7. A correlation was found between previous winnersof the Noble Peace Prize and their test scores on a standardized test. Every person scoring at least 2 standard deviations above the mean on the test went on to receive a Nobel Peace Prize, and no person with less than that did receive the prize. If the trend continues, and if the standardized test scores were normally distributed with a mean of 89 and standard deviation of 1.4, will Susan go on to win a Noble Peace Price if she earned a 91.6 on the test?
8. Recent competitors in “Battle of the Bands” received competition scores that were normally distributed with a mean of 89 and a standard deviation of 3.5. “Heavy Metal Trash Cans” will be competing this weekend. What is the probability of the band scoring between 82 and 91.5 in the competition?
9. Tami wants to become a flight attendant but must take a test to do so. Applicants that took the test earned scores that were normally distributed with a mean of 80 and standard deviation of 2.1. Tami will be taking the test today.
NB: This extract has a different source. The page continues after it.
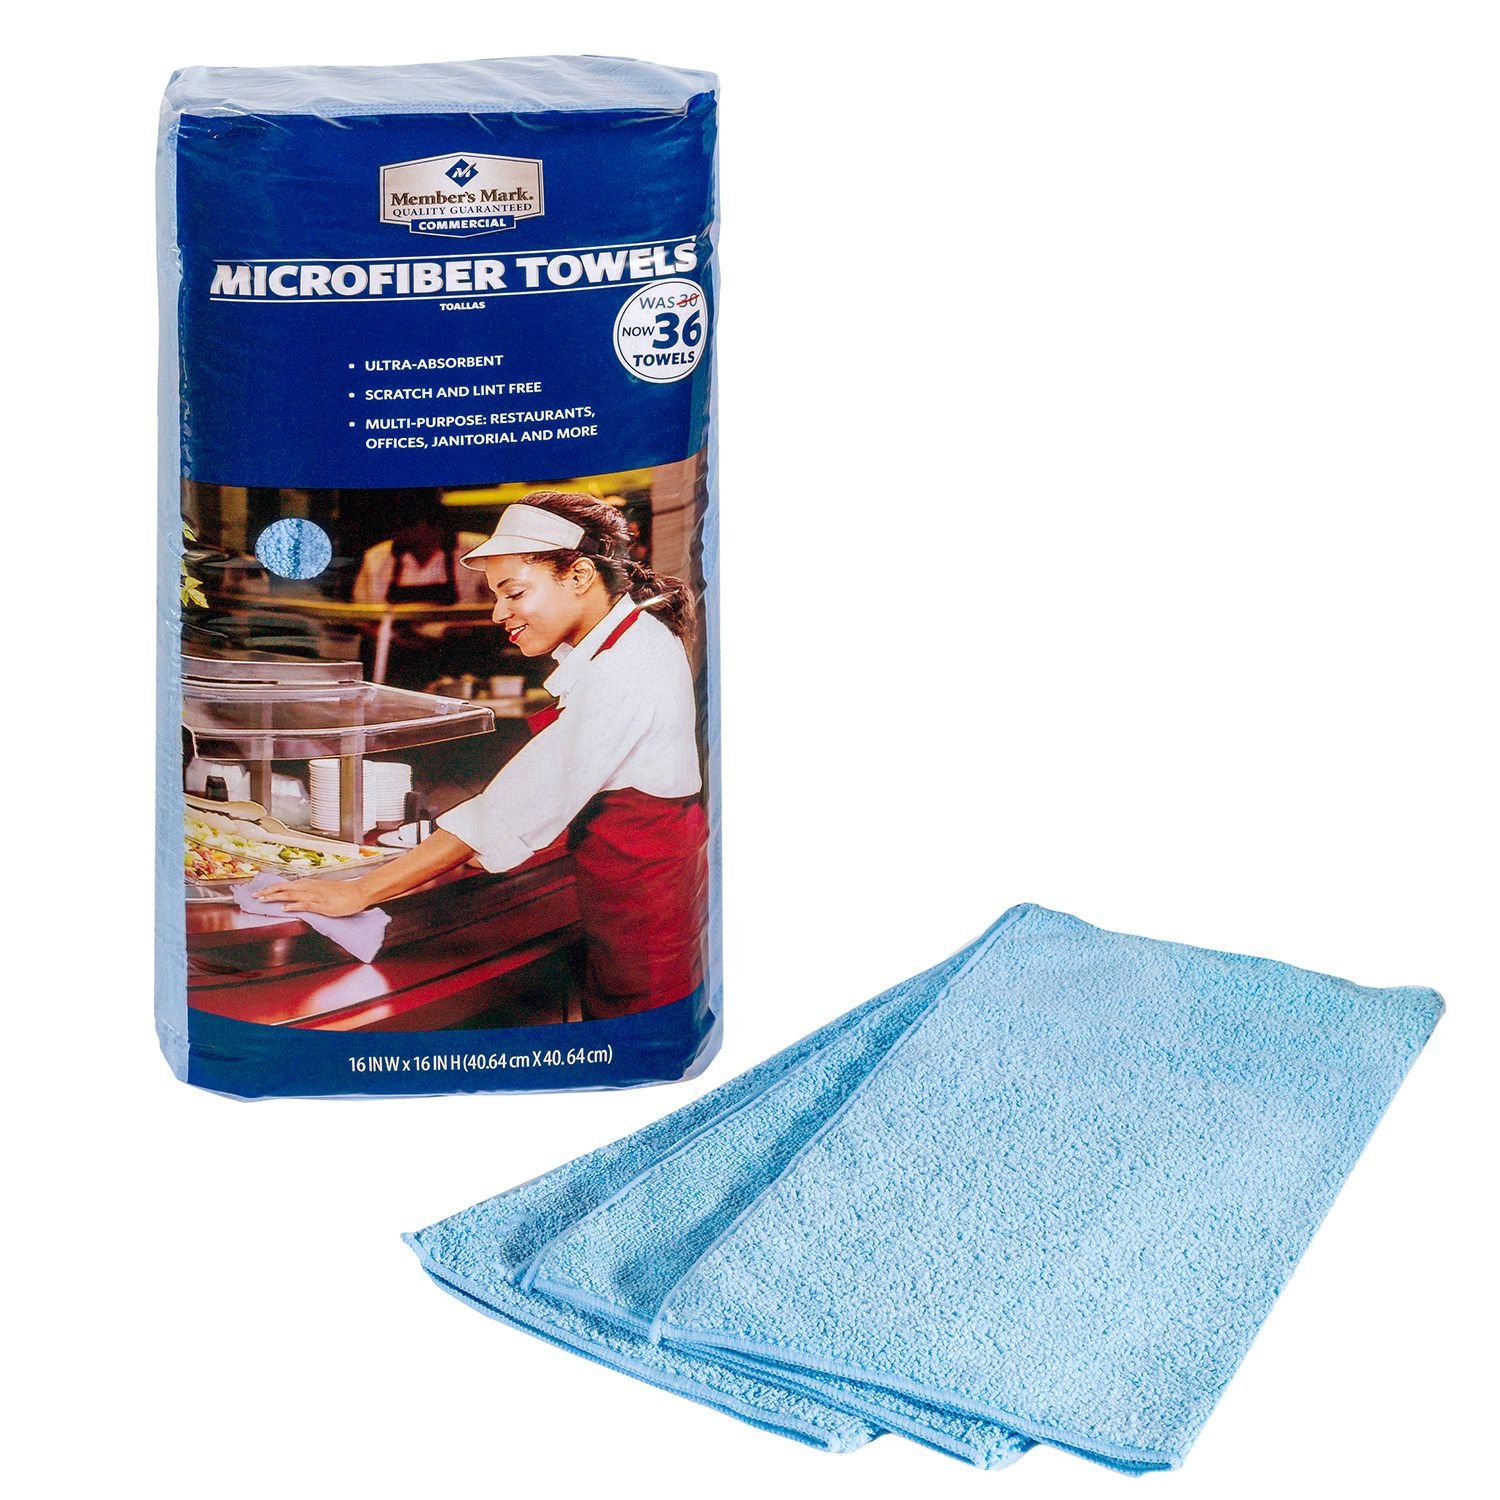 COTTON HUCK TOWELS - YEAGER'S DETAILING SUPPLIESYeager's Auto Dealer and  Detailing Supplies

What is the probability of Tami getting at least 77.9 on the assessment?

## Vocabulary

Term Definition
arithmetic mean The arithmetic mean is also called the average.
bell curve A normal distribution curve is also known as a bell curve.
demographic distribution Demographic distribution describes the relative numbers of different types of members of a sample or group.
distribution A distribution is a description of the possible values of a random variable and the possible occurrences of these values.
normal distribution curve A normal distribution curve is a symmetrical curve that shows the highest frequency in the center with an identical curve on either side of the center.
standard deviation The square root of the variance is the standard deviation. Standard deviation is one way to measure the spread of a set of data.